**DATA IN THIS EXERCISE**
*** Begin section ***
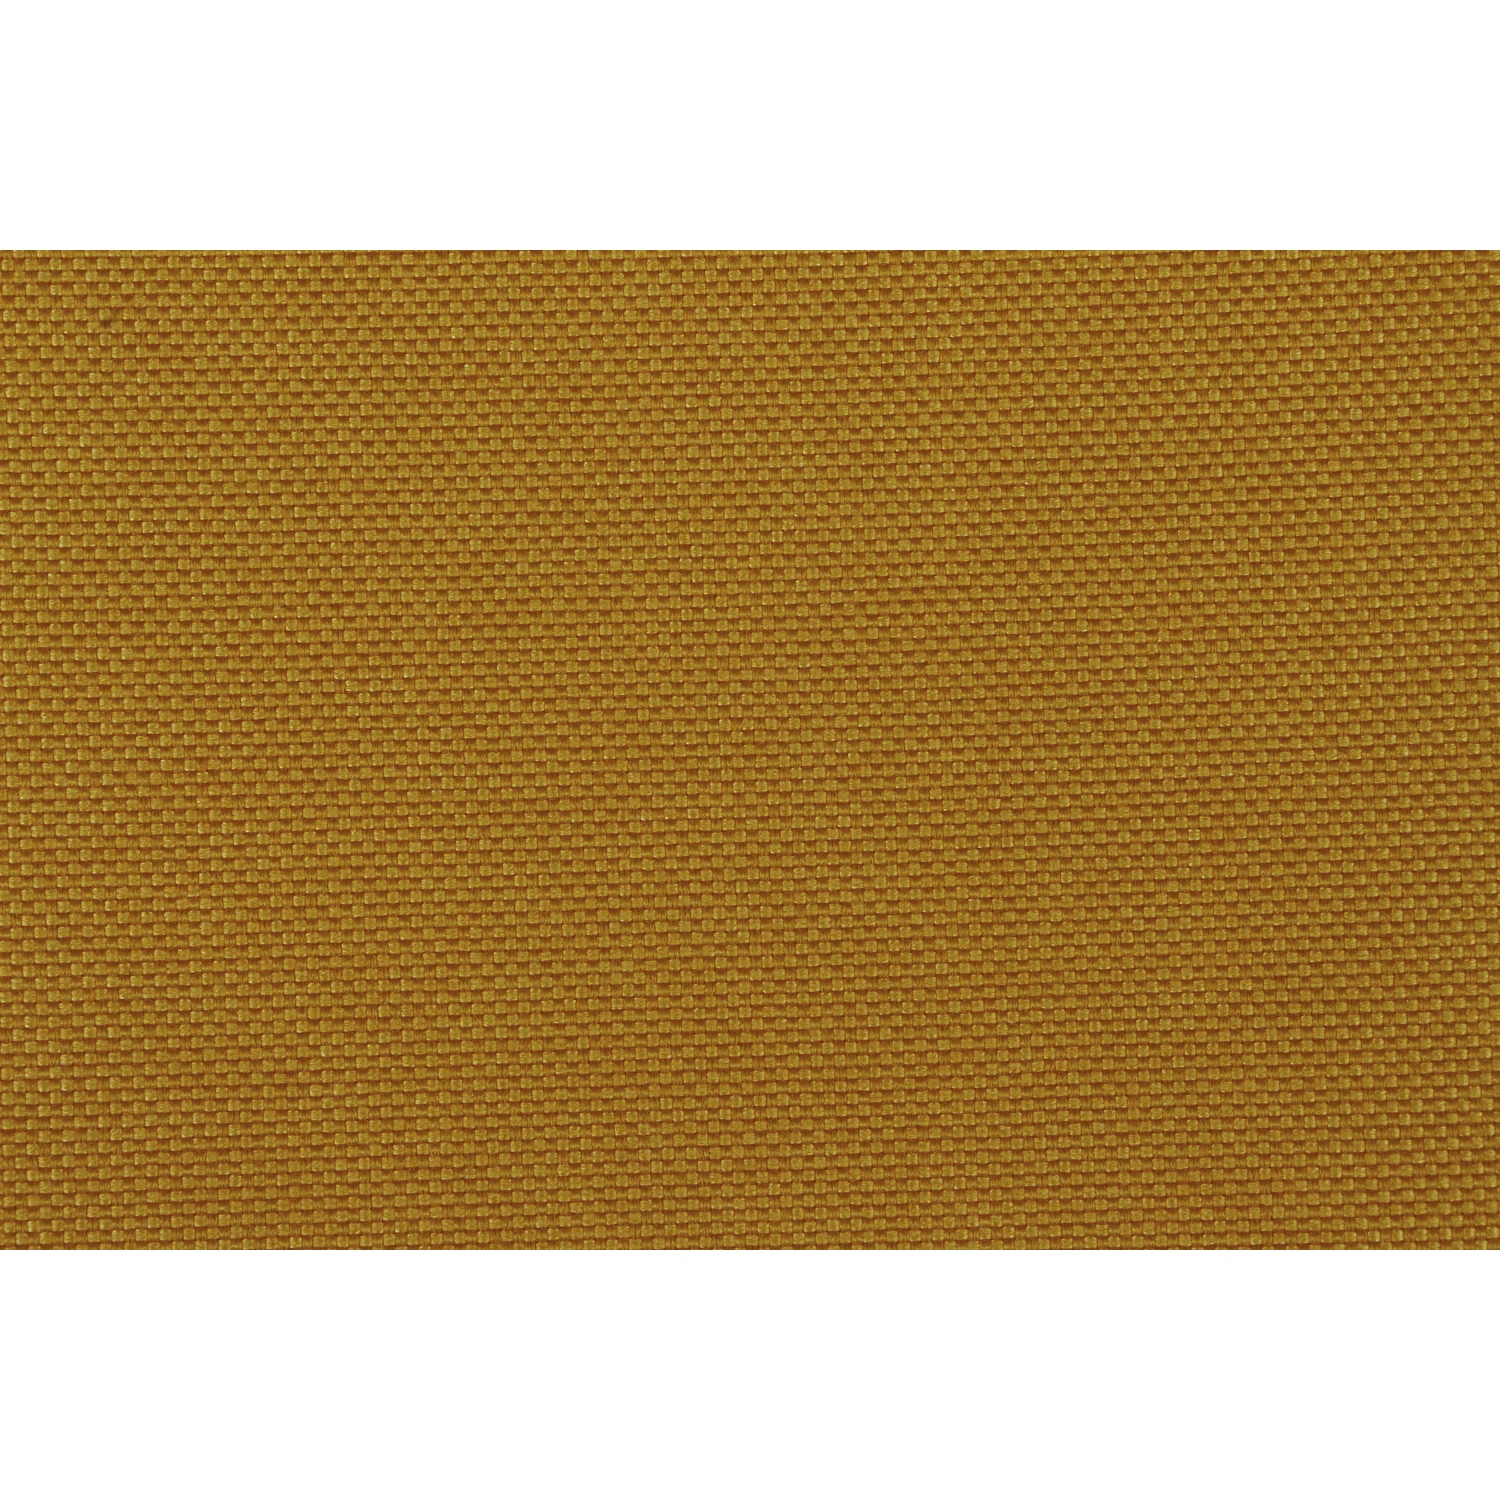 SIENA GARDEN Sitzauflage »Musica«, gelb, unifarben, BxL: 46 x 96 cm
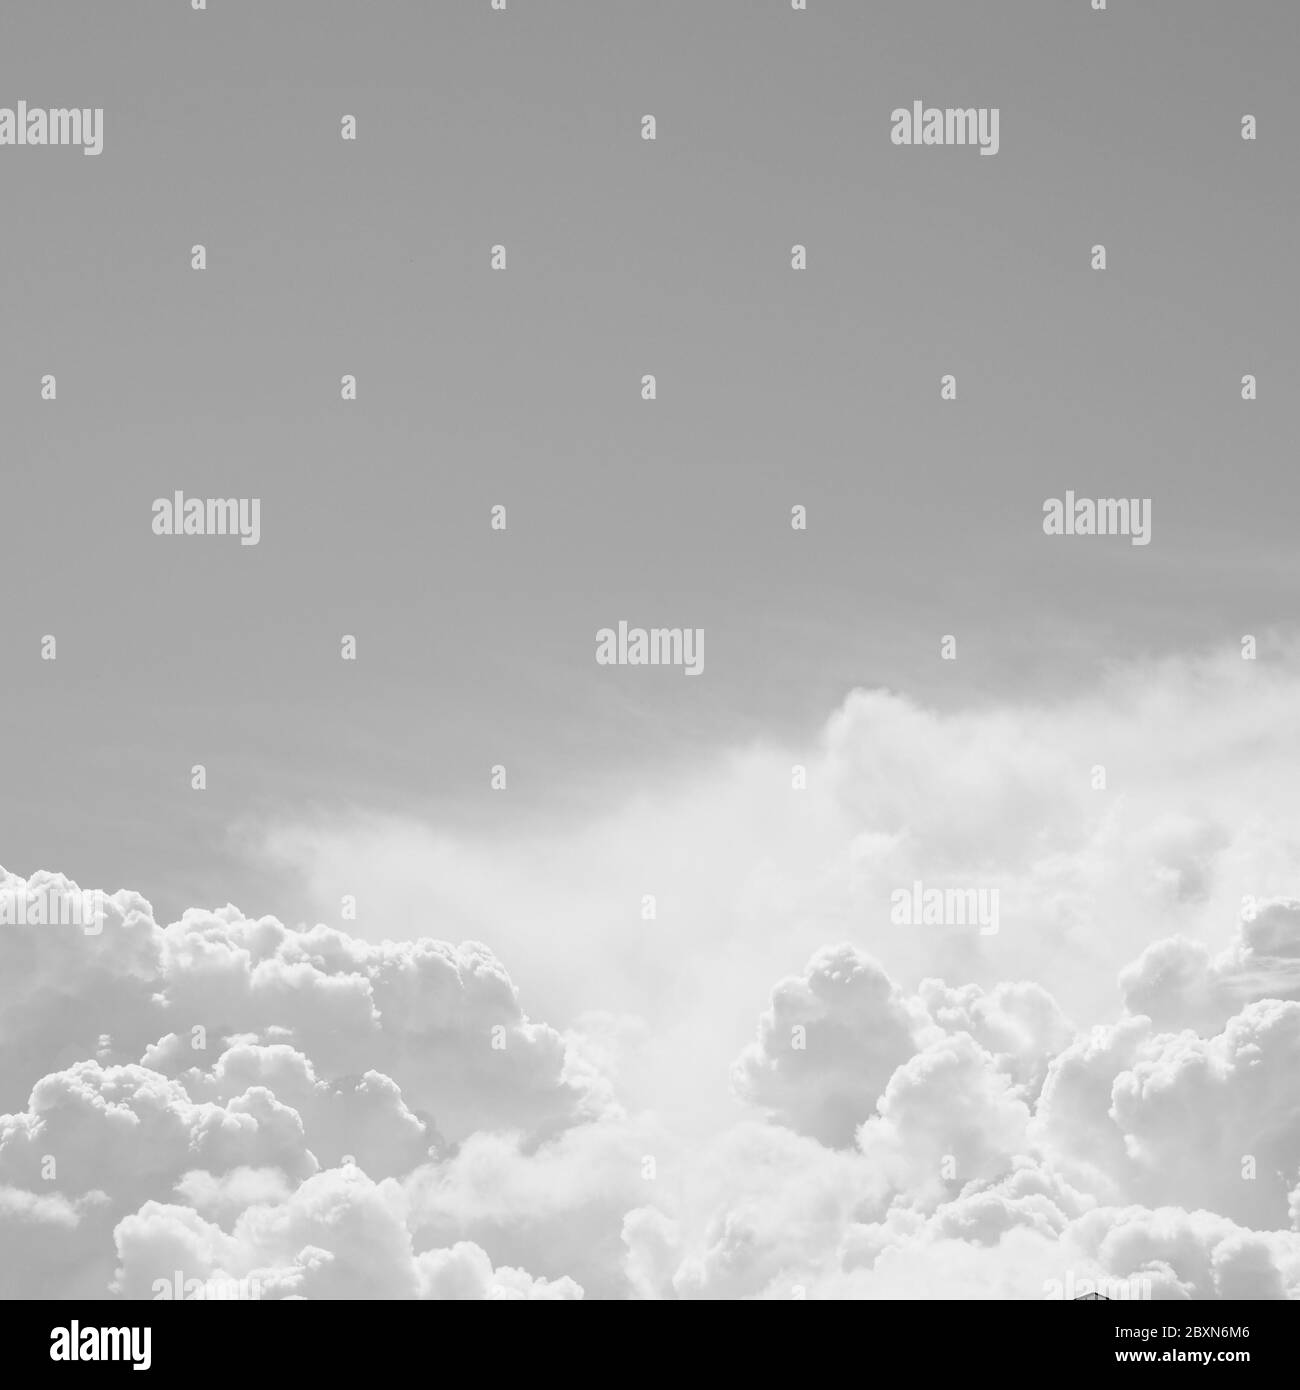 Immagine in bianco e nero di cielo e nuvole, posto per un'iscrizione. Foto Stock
*** End section ***
*** Begin section ***
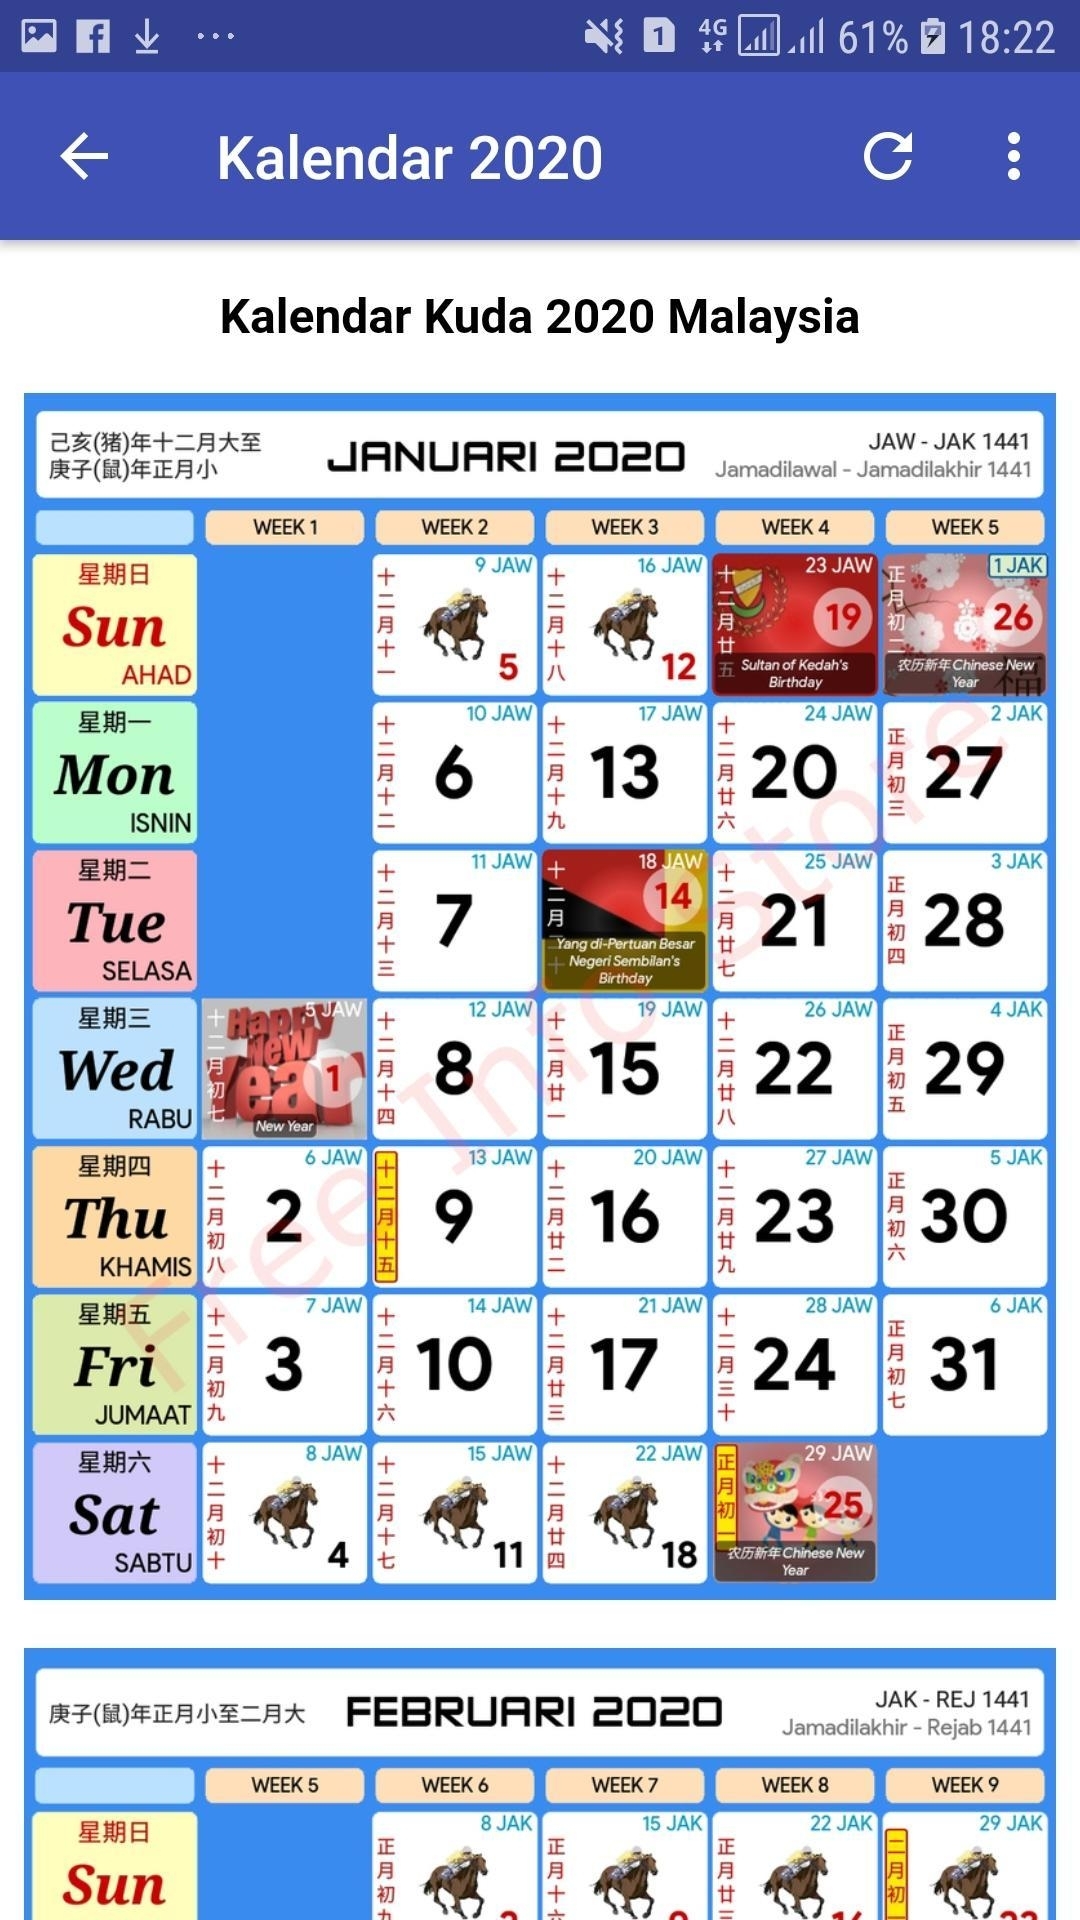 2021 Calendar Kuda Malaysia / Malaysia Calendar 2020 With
*** End section ***
*** Begin section ***
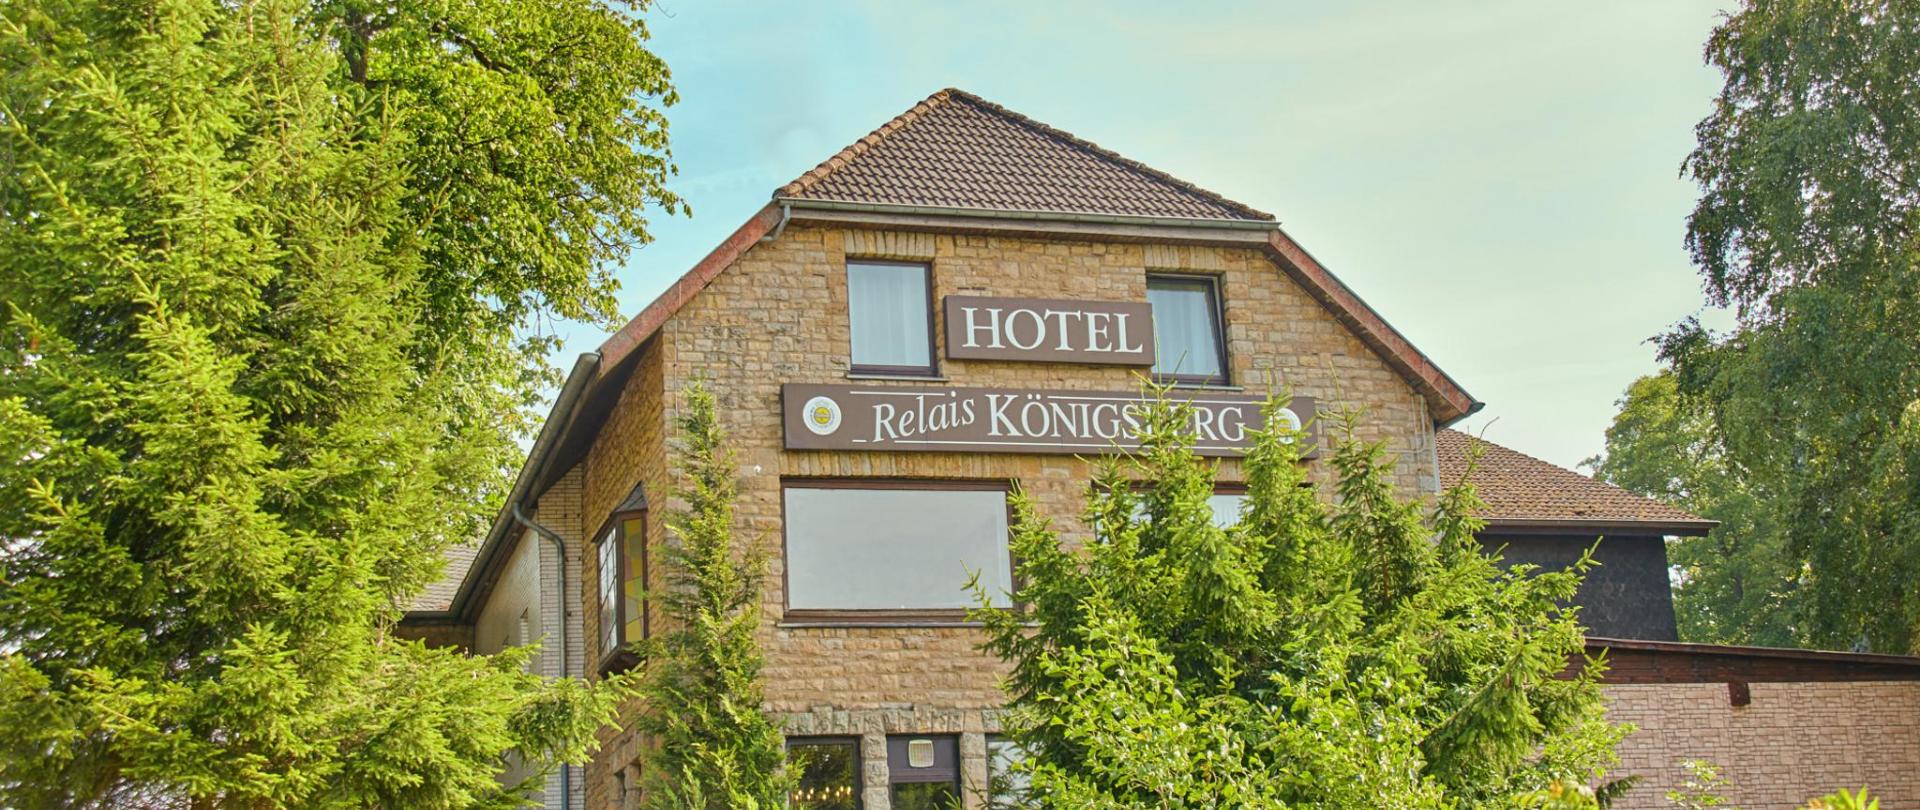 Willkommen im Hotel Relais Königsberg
*** End section ***
**TASK BRIEF**
Pictures in the material above should be skipped; print exactly the lines from the one with "SIENA GARDEN Sitzauflage" through the one with "Immagine in bianco".

**SOLUTION TO THIS TASK**
 SIENA GARDEN Sitzauflage »Musica«, gelb, unifarben, BxL: 46 x 96 cm
 Immagine in bianco e nero di cielo e nuvole, posto per un'iscrizione. Foto Stock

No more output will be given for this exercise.